Prompt: Restate the listing below word for word. No picture belongs in the result.

Input data:
⁂

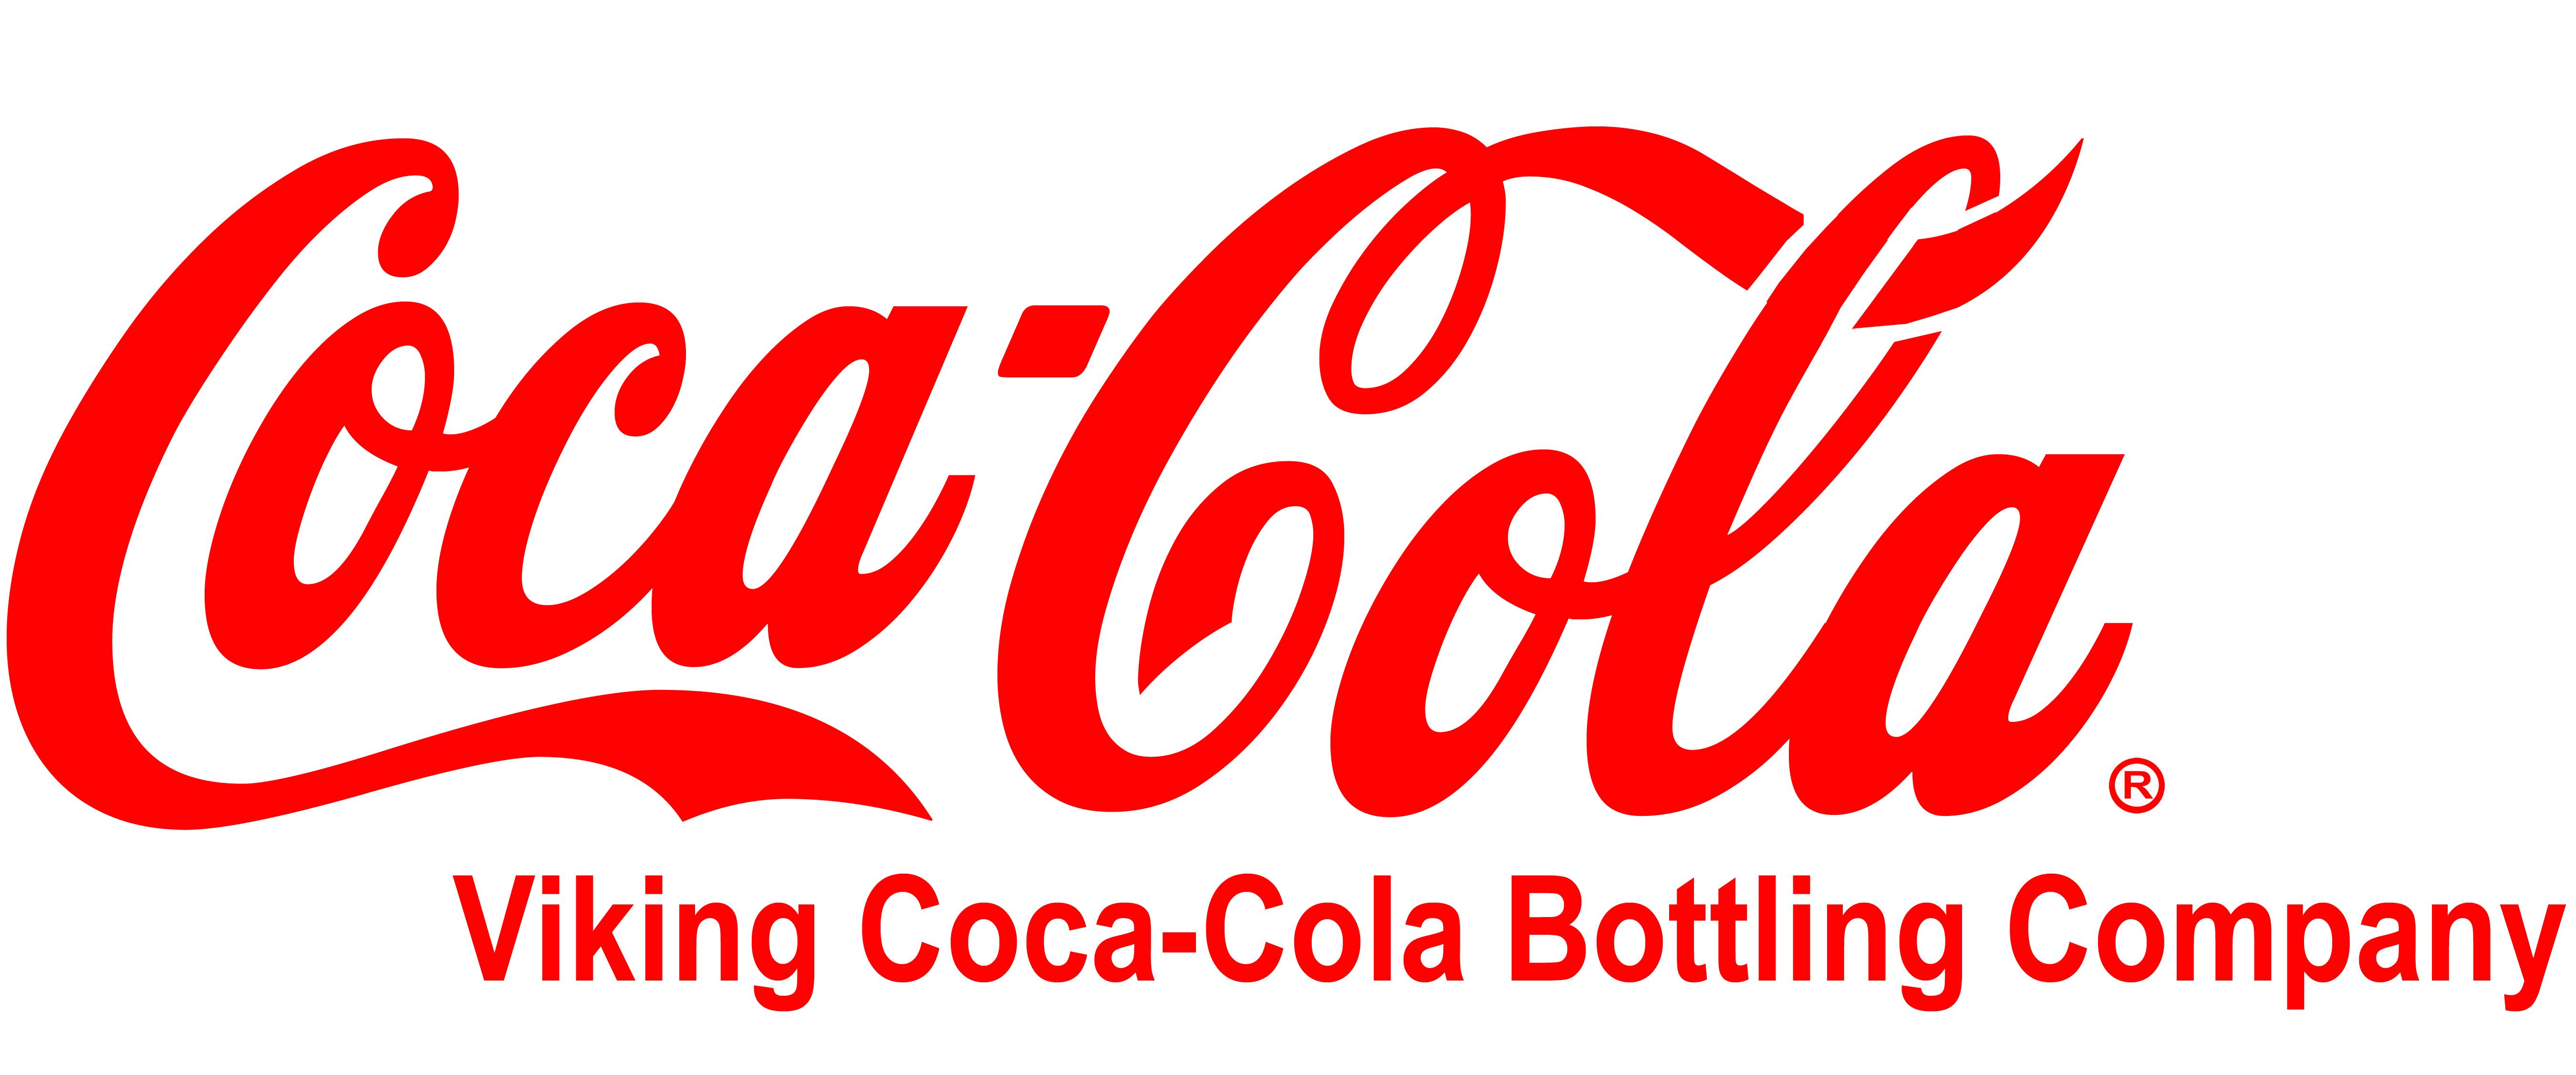 Viking Coca-Cola Script Logo
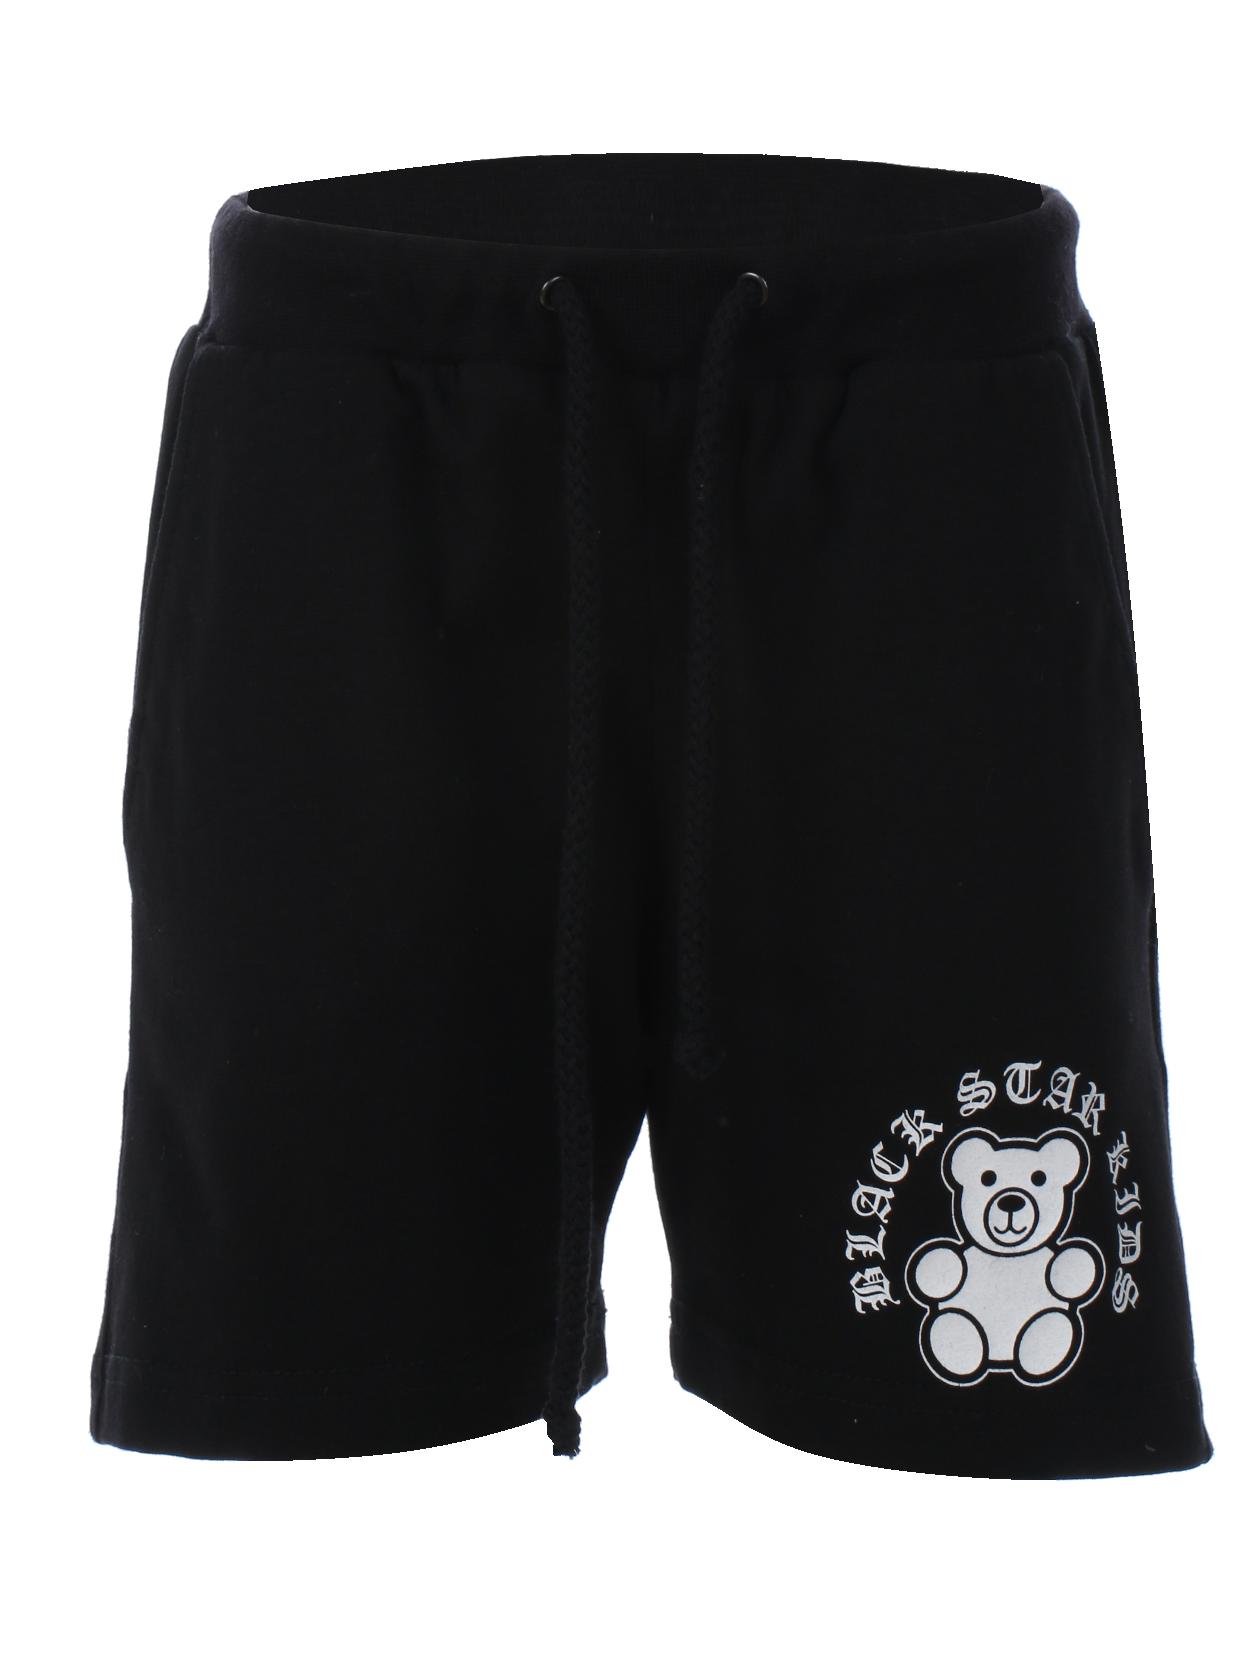 Kids shorts Kids BSМодные детские шорты из новой коллекции Black Star Wear – обязательная вещь в гардеробе активного ребенка. Модель изготовлена из натурального хлопкового материала премиального качества, обладает удобным полусвободным кроем, не стесняя движений. Широкий эластичный пояс дополнен завязками, спереди два кармана, сзади один накладной. Примечательная деталь – небольшая нашивка с мишкой и надписью Black Star. В ассортименте черная и камуфляжная расцветки.<br><br>size: 3-4 years<br>color: Black<br>gender: unisex
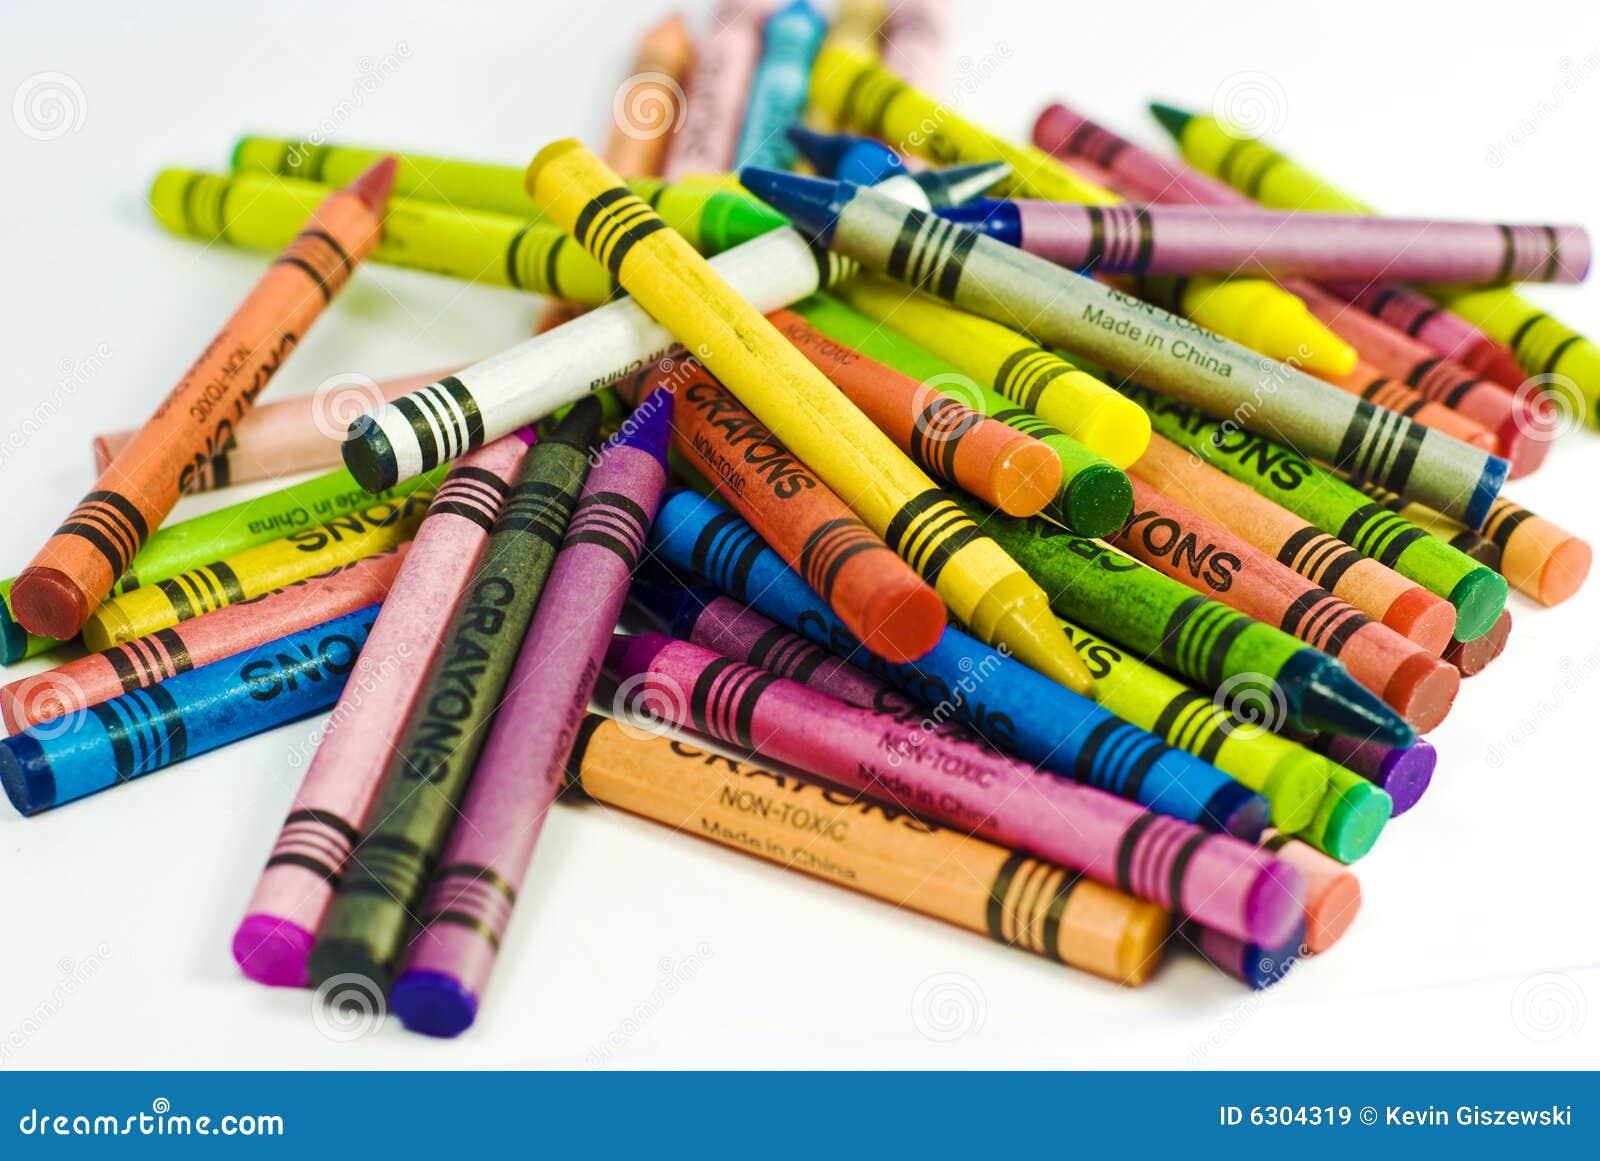 crayons stock photos 31 110 images

⁂

Answer space:
 Viking Coca-Cola Script Logo
 Kids shorts Kids BSМодные детские шорты из новой коллекции Black Star Wear – обязательная вещь в гардеробе активного ребенка. Модель изготовлена из натурального хлопкового материала премиального качества, обладает удобным полусвободным кроем, не стесняя движений. Широкий эластичный пояс дополнен завязками, спереди два кармана, сзади один накладной. Примечательная деталь – небольшая нашивка с мишкой и надписью Black Star. В ассортименте черная и камуфляжная расцветки.<br><br>size: 3-4 years<br>color: Black<br>gender: unisex
 crayons stock photos 31 110 images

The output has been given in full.